American aviator and painter

Aline "Pat" Rhonie Hofheimer Brooks (August 16, 1909 – January 7, 1963) was an American aviator. Rhonie had several firsts as a pilot and was one of the pioneering women aviation pilots in World War II. She became one of the first members of the Women's Auxiliary Ferrying Squadron (WAFS). Rhonie also drove an ambulance in France. Rhonie is also known for her aviation history mural which is now located at Vaughn College of Aeronautics and Technology.

==Biography==
Aline Rhonie was born as Aline Rhonie Hofheimer in York, Pennsylvania, on August 16, 1909. She was born into the notable Hofheimer family of York township. She moved from York to New Jersey at the age of three. Rhonie attended Dalton School in New York.

Rhonie married Richard Bamberger, a member of a wealthy New York family, when she was 17. She became interested in flying after helping two pilots who had crash-landed near her grandfather's golf course.

She moved to Reno, Nevada, when she was 19. Aline Rhonie learned to fly at the age of 21. She started flying in a De Havilland Moth with a Gypsy engine. She received her transport license in 1931, and her English pilot's license in 1936. She was the first American to receive an Irish Commercial license in 1938.
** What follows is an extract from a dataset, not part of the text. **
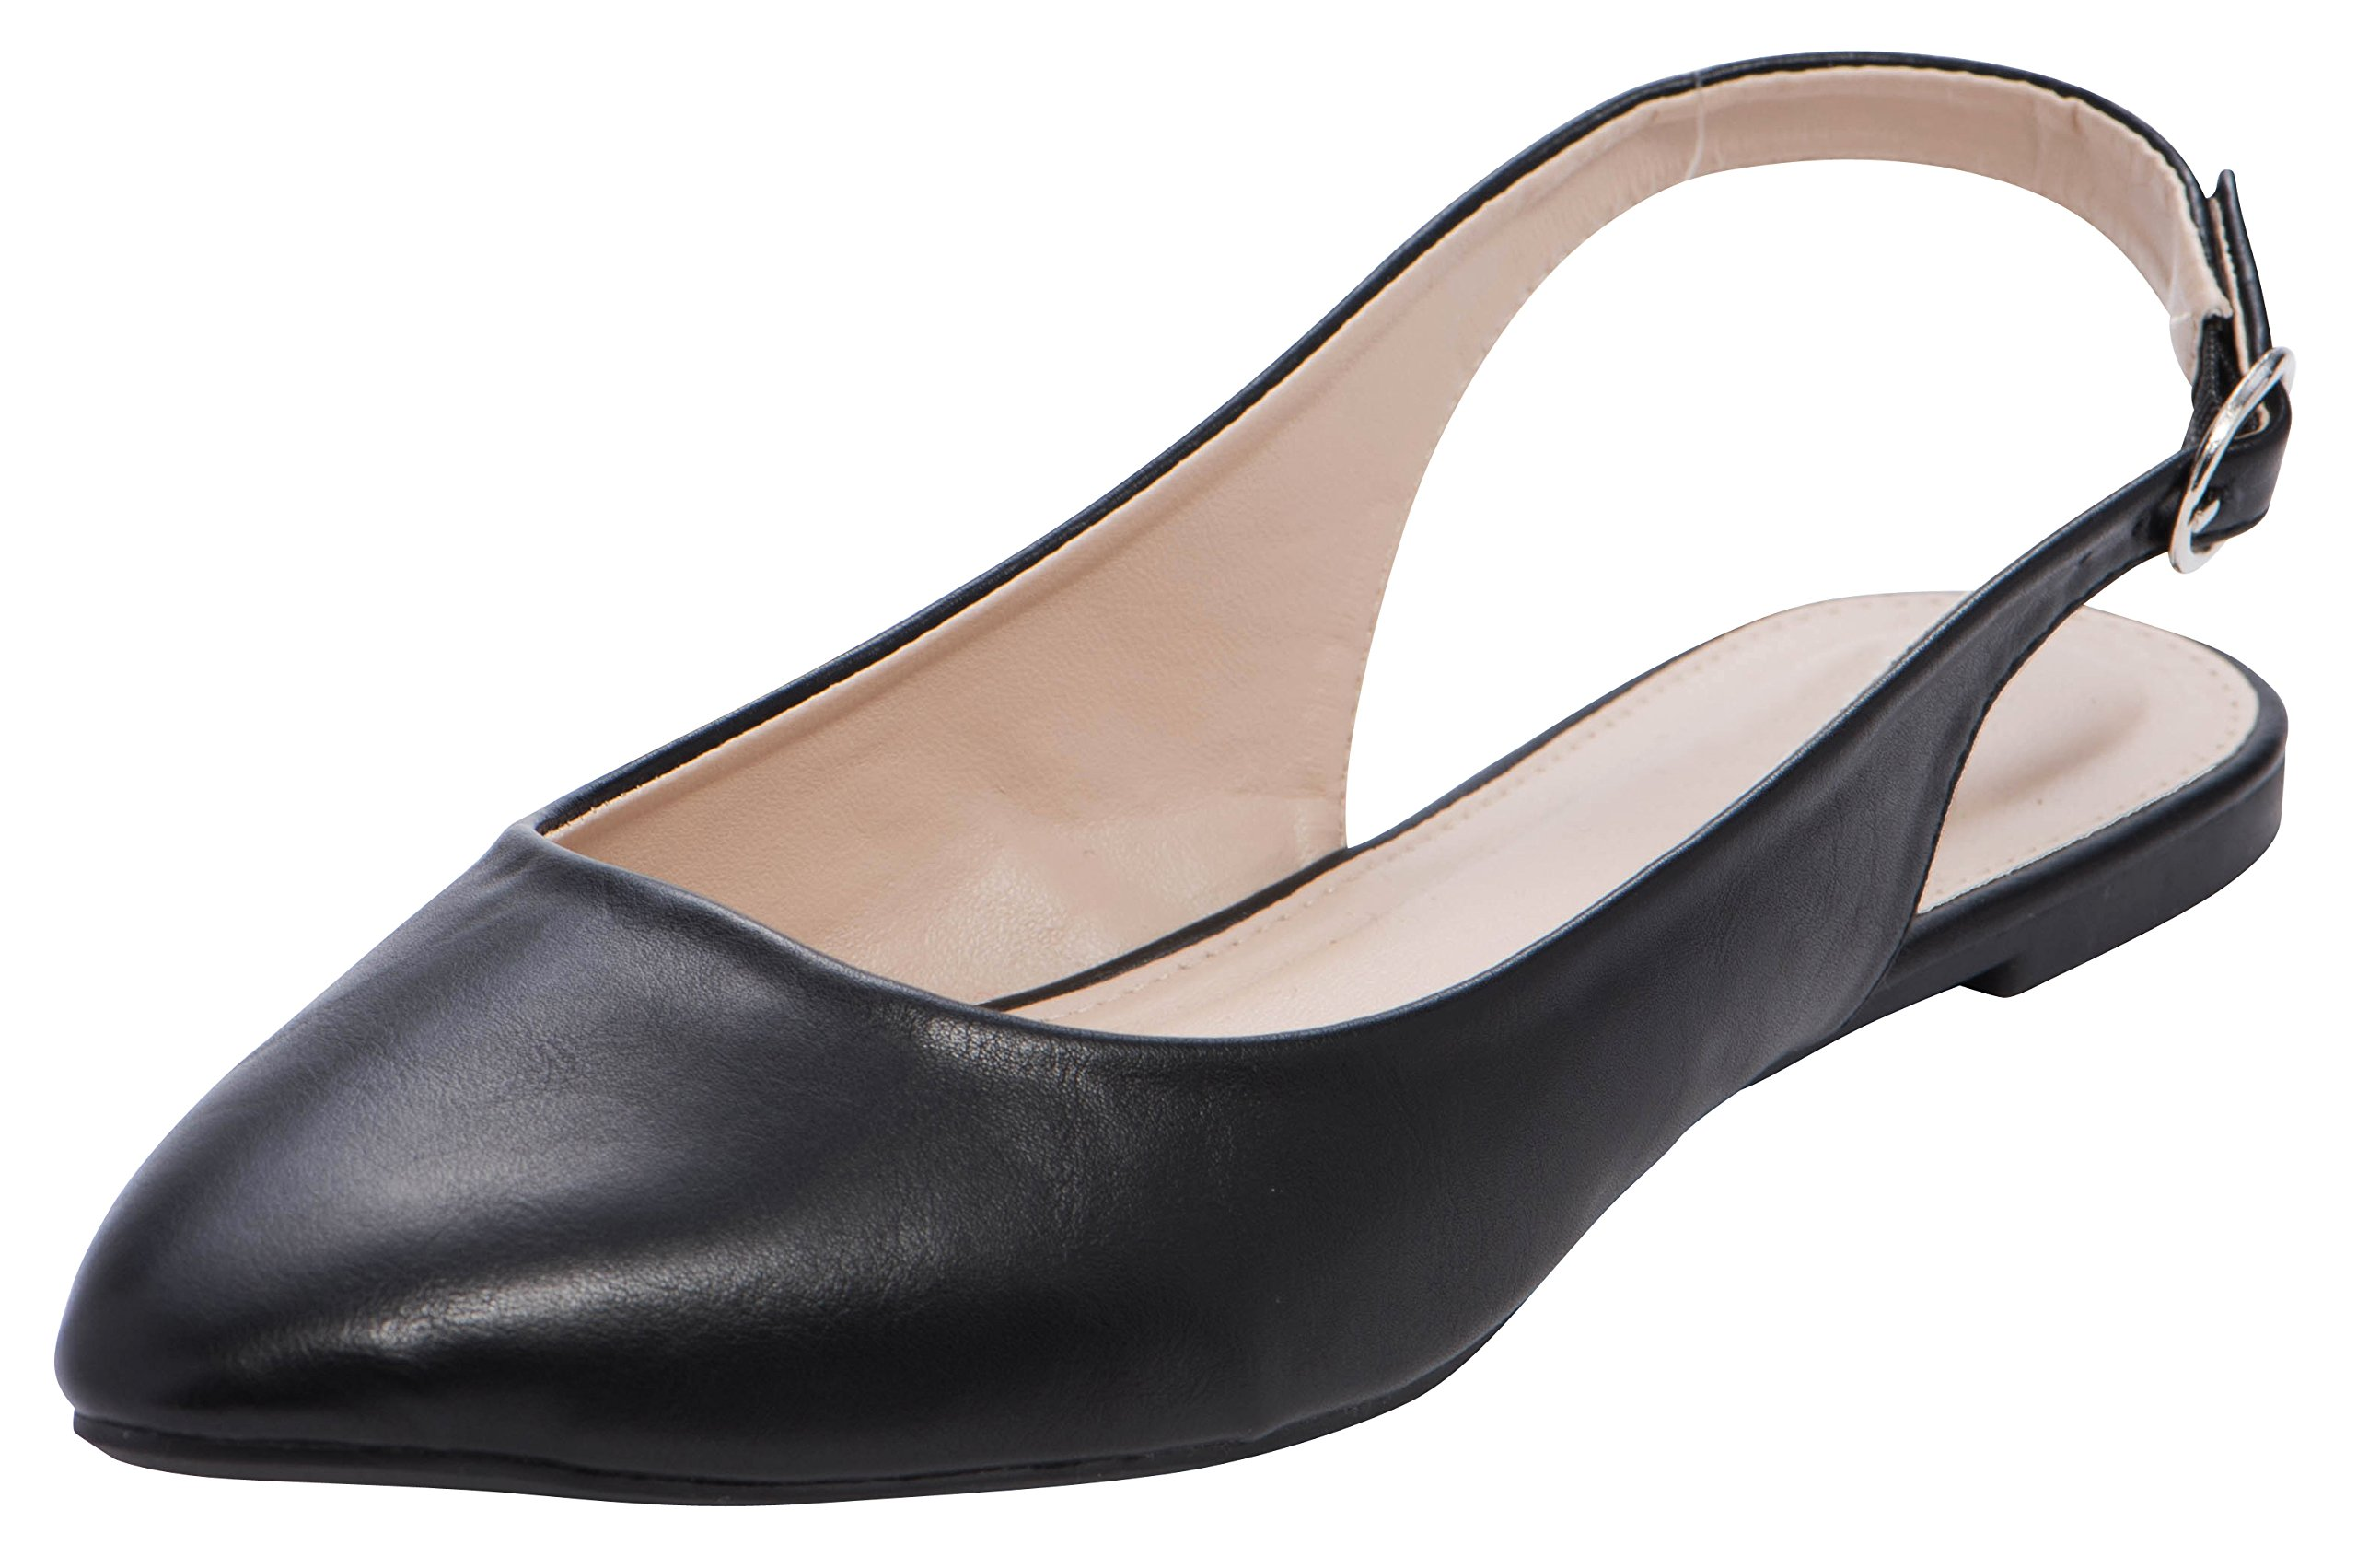 8d8d31b61ec Cambridge Select Women s Closed Pointed Toe Buckled Slingback Flat

Rhonie divorced Bamberger in December 1930 in Reno. After the divorce, she took her middle name, Rhonie, as her last name. A year later, she met a nephew of Lady Astor, Reginal Langhorne Brooks. Brooks was a Marine Corps aviator and was learning Morse code, which he shared with Rhonie. When they got married in 1933, they flew 17,000 miles in separate planes to their honeymoon, flying through various locations including the West Indies and Mexico. Rhonie was the first woman to fly solo from New York to Mexico City. Later, in 1937, Brooks divorced Rhonie.

During World War II, she participated in the British war relief effort. She first applied to ferry planes from Britain to France, but since she wasn't British, was rejected. Instead, she started driving an ambulance in France. In 1940, she took leave to raise money to build canteens for Allied pilots working at the war's front lines. She had been made an American liaison officer for the Aero club in France. Rhonie was one of the nine original women who were part of the Women's Auxiliary Ferrying Squadron (WAFS).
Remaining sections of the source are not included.